Kenangan bersama gadis bernama Nadia itu kembali bermunculan dibenaknya. Senyum dan tawa gadis itu seolah-olah begitu nyata diingatannya. Revan tertegun di depan laptopnya.
"Apa kabar mu, Nad? Dimana kamu sekarang?" Revan bergumam. Ada kerinduan yang begitu mendalam dikedua mata coklatnya. Juga kepedihan terlukis di sana.
***
Clarissa berkutat di depan cermin dengan gamis bergambar Frozen dan jilbab berwarna biru.
"Cantik," Meira tersenyum melihat Clarissa.
Gadis itu tersipu dan binar matanya begitu cerah.
"Bunda," Clarissa menghampiri Meira yang duduk di sofa.
"Ya."
"Kenapa bunda sekarang gak pake jilbab lagi?" mata polos itu menatapnya.
Deg.
Meira terhenyak.
"Kan kata bunda, perempuan muslim kalo sudah besar harus berjilbab."
Meira bingung. Ia membalas tatapan Clarissa dan mengusap kepala gadis itu dengan pelan.
"Hmmm," bingung mencari jawaban.
"Oh, jilbab bunda ketinggalan di rumah bunda ya. Kan habis menikah, bunda gak pulang.

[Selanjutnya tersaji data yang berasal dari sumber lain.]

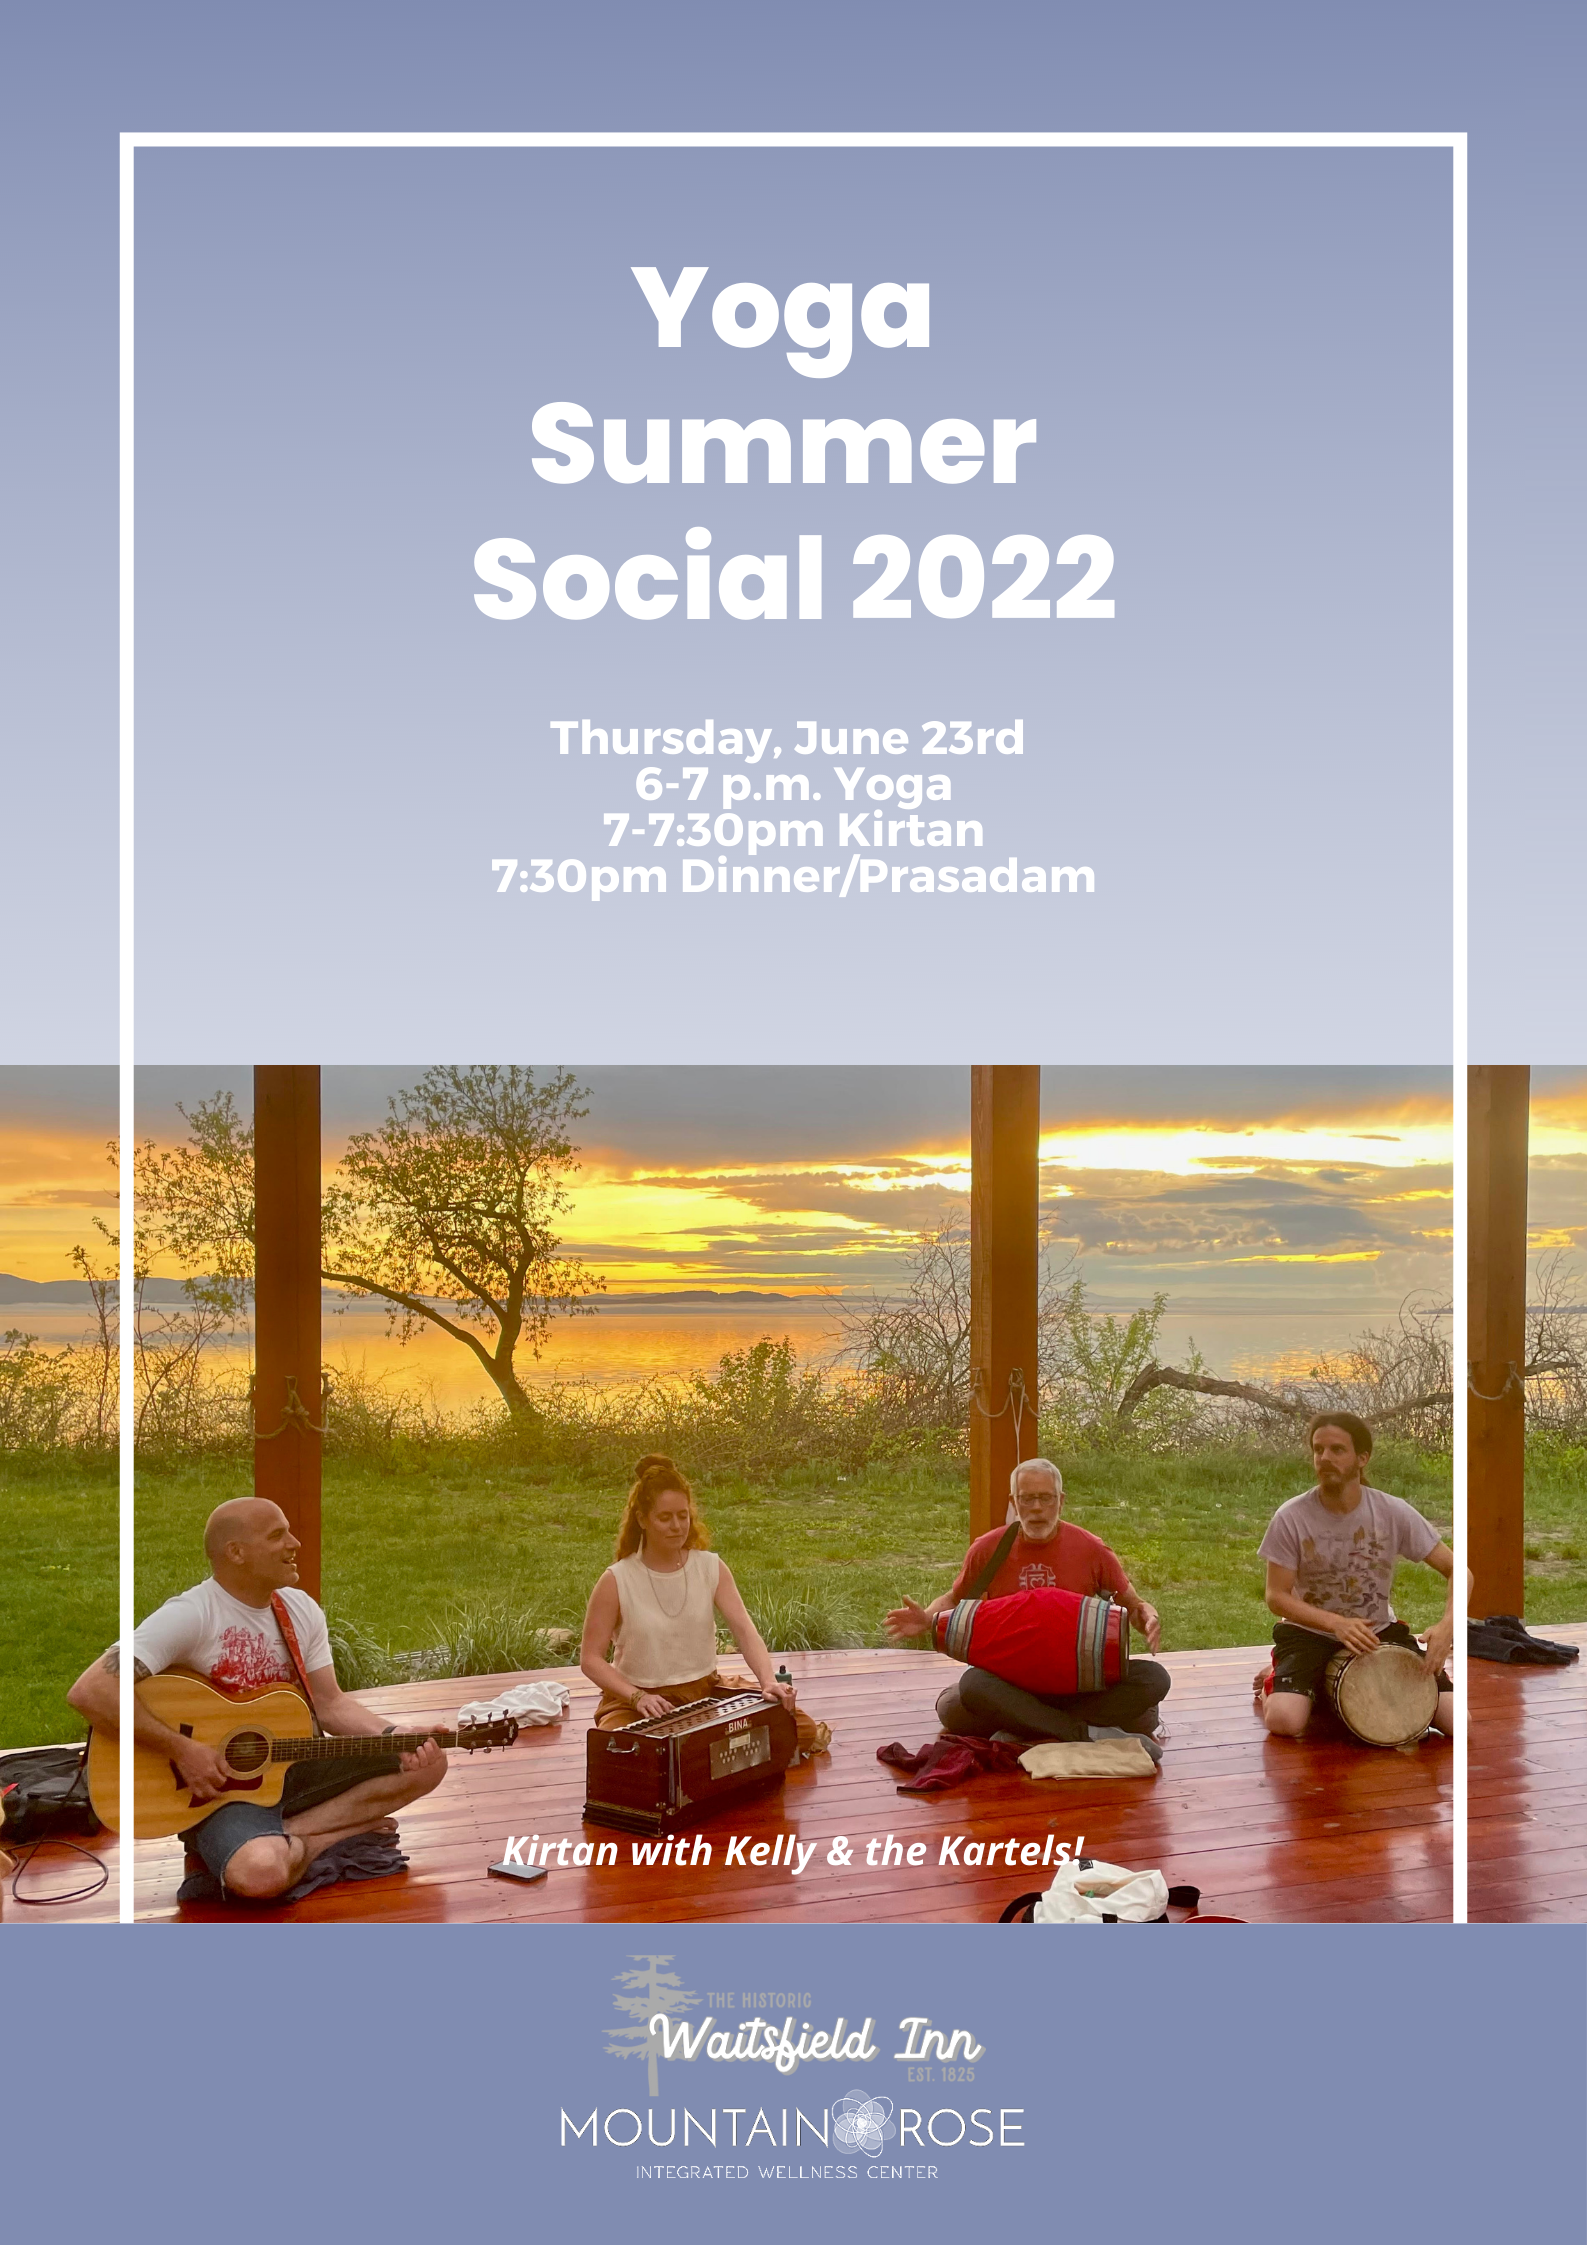 Yoga Summer Social 2022

Jadi jilbabnya masih di sana, ya kan?"
Meira tersenyum.
"Kalo gitu, nanti minta ayah ambilkan jilbabnya bunda ya, di rumah bunda yang lama," ujar Clarissa dengan senyumnya yang mengembang cantik dibibirnya.
Hanya diam, tak tahu harus berkata apa.
"Nah, kalo sekarang bunda anter Clarissa ngaji pake jilbabnya aunti Alisa aja."
"Ng- nggak usah sayang."
"Gak pa-pa, kan aunti punya banyak. Bentar Clarissa bilang sama aunti dulu."
Gadis itu dengan lincah melangkah pergi meninggalkan Meira yang kebingungan.
Tak lama, Clarissa sudah kembali dengan sehelai jilbab segiempat berwarna pink lengkap dengan dalaman jilbabnya yang berwarna hitam.
"Ini, kata aunti ambil aja. Aunti kasih," disodorkan jilbab itu ke Meira.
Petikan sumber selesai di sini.